Leaders make mistakes. That’s no surprise to anyone who’s ever lead anything or been led – yeah, that’s pretty much everybody.
No leader is perfect, and no leader makes the right decision all the time. One of the best decisions I think the church I serve, Southview, ever made was to establish a plurality of leaders, called Elders, who make strategic decisions for the church. Too many churches are “single Elder” (or single pastor) led – and that means that person has to make the right decision every time, all the time, and never have a bad day.
Yeah, good luck with that one.
Even with a plurality of leaders, you can still make a decision that creates situations and effects that were unintended and unanticipated. No decision is 100% popular or accepted, especially if it involves change; making hard decisions is just part of being a leader. But what do you do when you make a decision that causes MAJOR backlash and pushback from those you lead?

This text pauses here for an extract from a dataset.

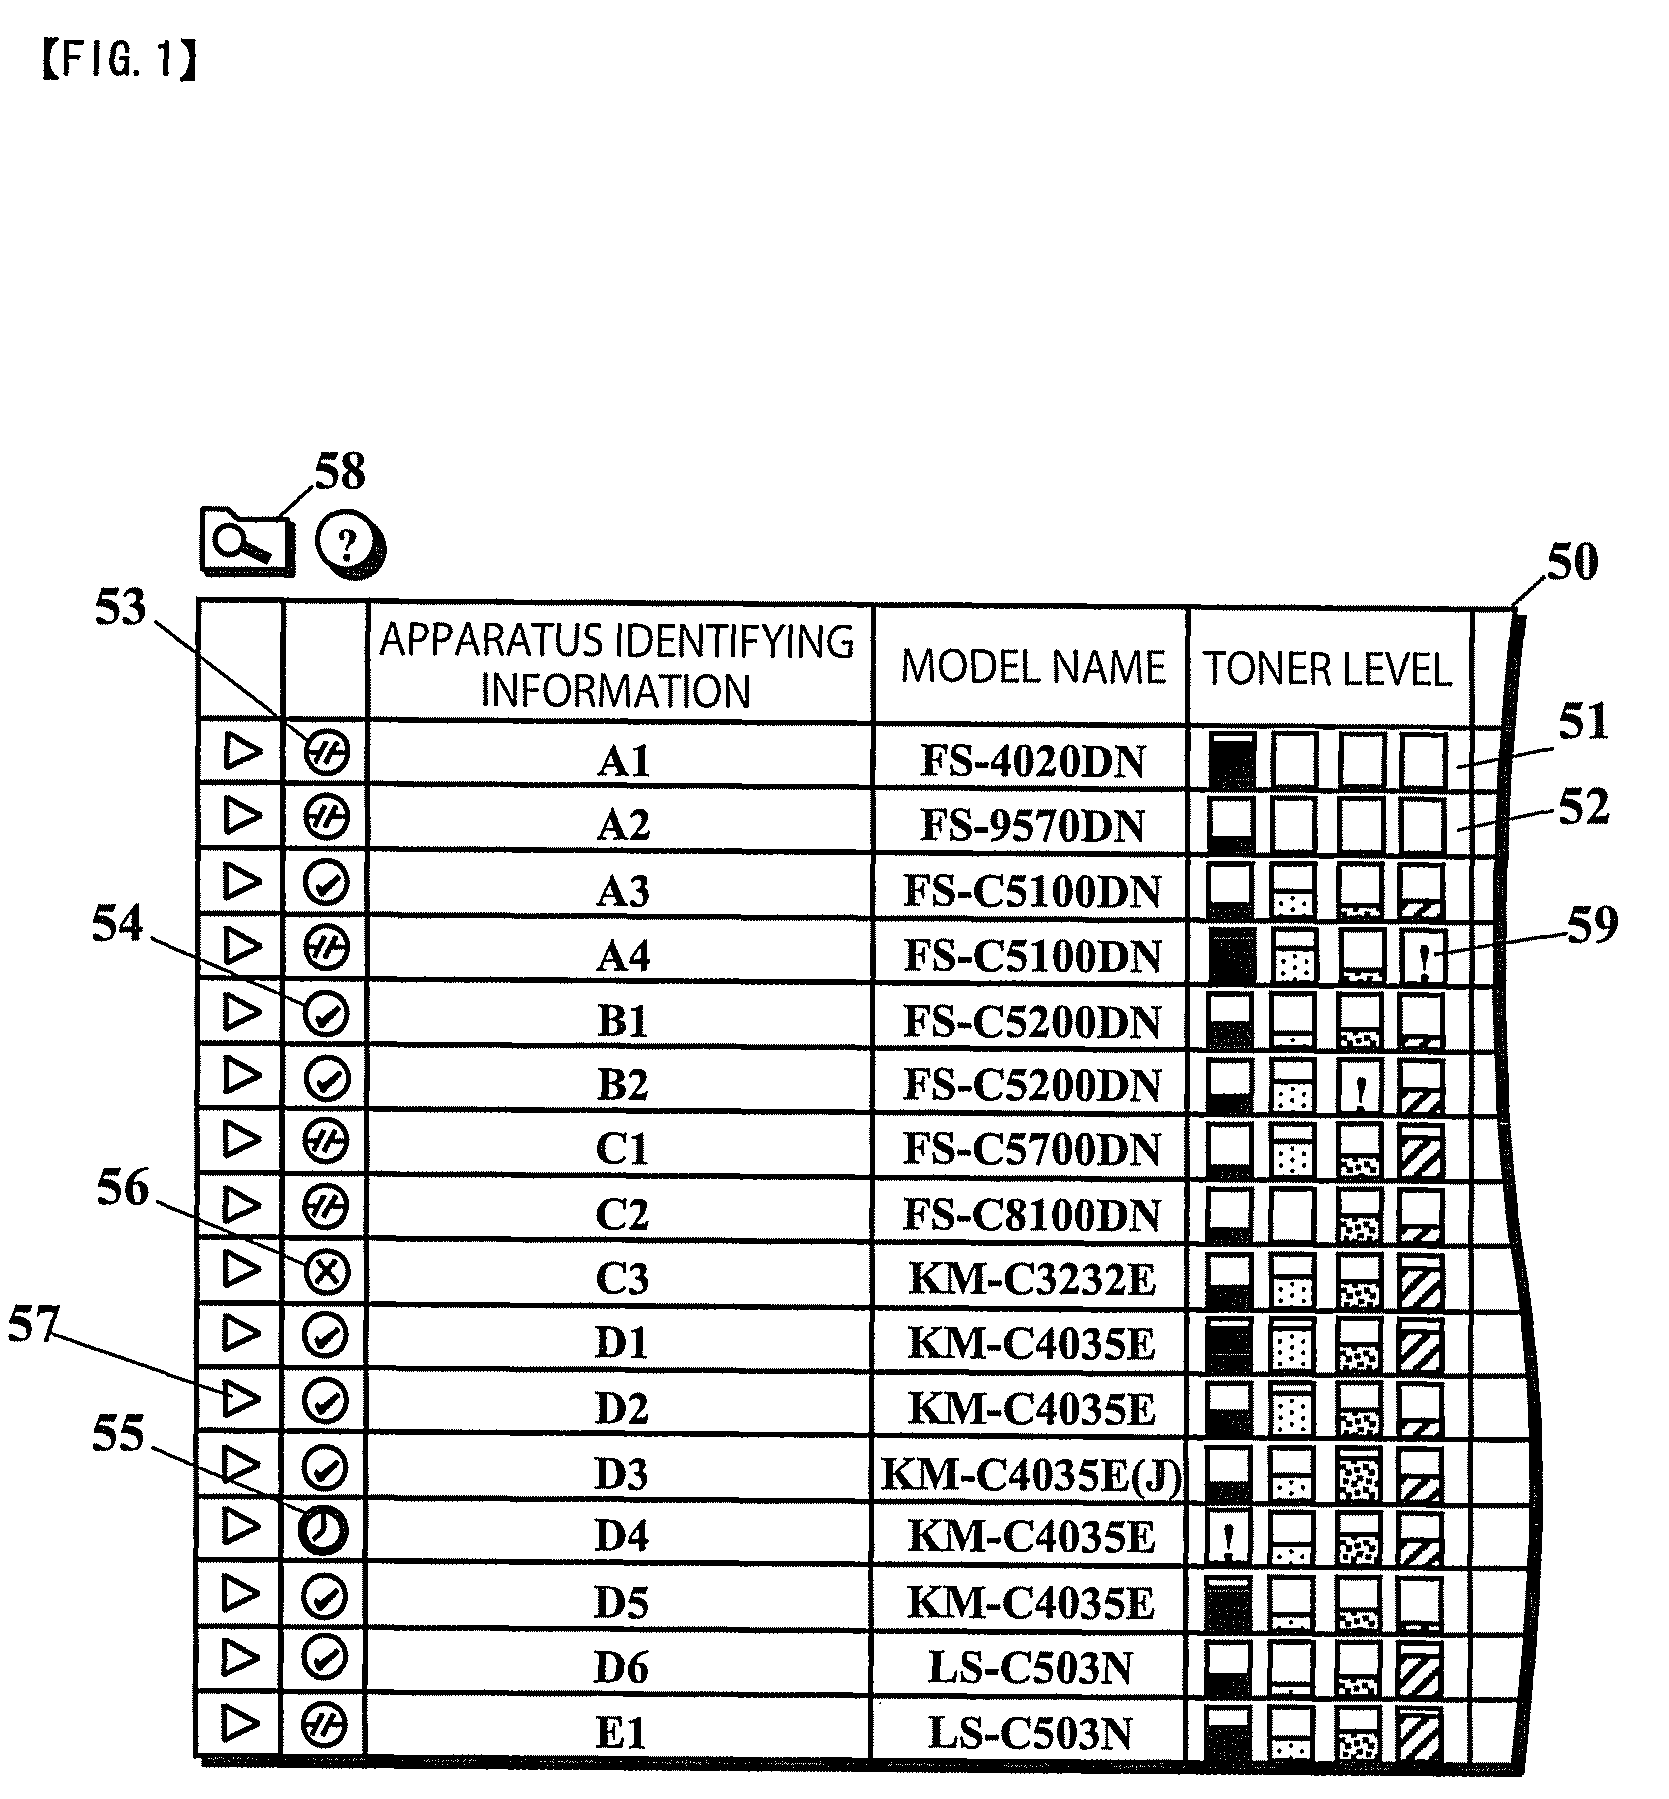 Displaying status icons of remaining consumables for plural image forming apparatuses

This week we have a case study in this. Earlier this week, World Vision made an announcement that was cause for celebration for some and angst for others. You can read about the announcement here. The pushback from World Vision supporters, though, was significant. The board of World Vision met yesterday, and they released this statement, reversing their decision and apologizing.
Whether you agree with World Vision’s decision or their reversal, there are several things I believe we can learn from these leaders and their statement yesterday.

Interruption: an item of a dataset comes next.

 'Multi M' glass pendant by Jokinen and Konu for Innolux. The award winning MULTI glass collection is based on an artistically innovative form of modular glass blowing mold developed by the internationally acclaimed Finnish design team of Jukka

1) When you make a mistake, own it. Don’t deflect blame to others; don’t bemoan the circumstances. Own it. World Vision’s board began in their statement by doing this – that’s good leadership.
2) Apologize. Don’t use what my friend Jim would call “weasel words” – no buts, no equivocation, no vagueness. Apologize directly for exactly what was done.
3) Humbly ask for forgiveness. Following what the Bible teaches and in line with their core values and beliefs, the World Vision’s board members publicly apologized and humbly asked for forgiveness of those they offended.
4) Commit to following your core values. In their statement, the board of World Vision reaffirmed their resolve to follow their Statement of Faith and act in accordance with it, reaffirming for their supporters their commitment to biblical authority.
5) Don’t major on the minors or confuse the issue. At just over 400 words, the statement by the board members was brief, but focused on owning their decision and making what they feel is the right correction to it based on their convictions.
What would you add to this list that we can learn from the leadership decisions of World Vision’s board this week?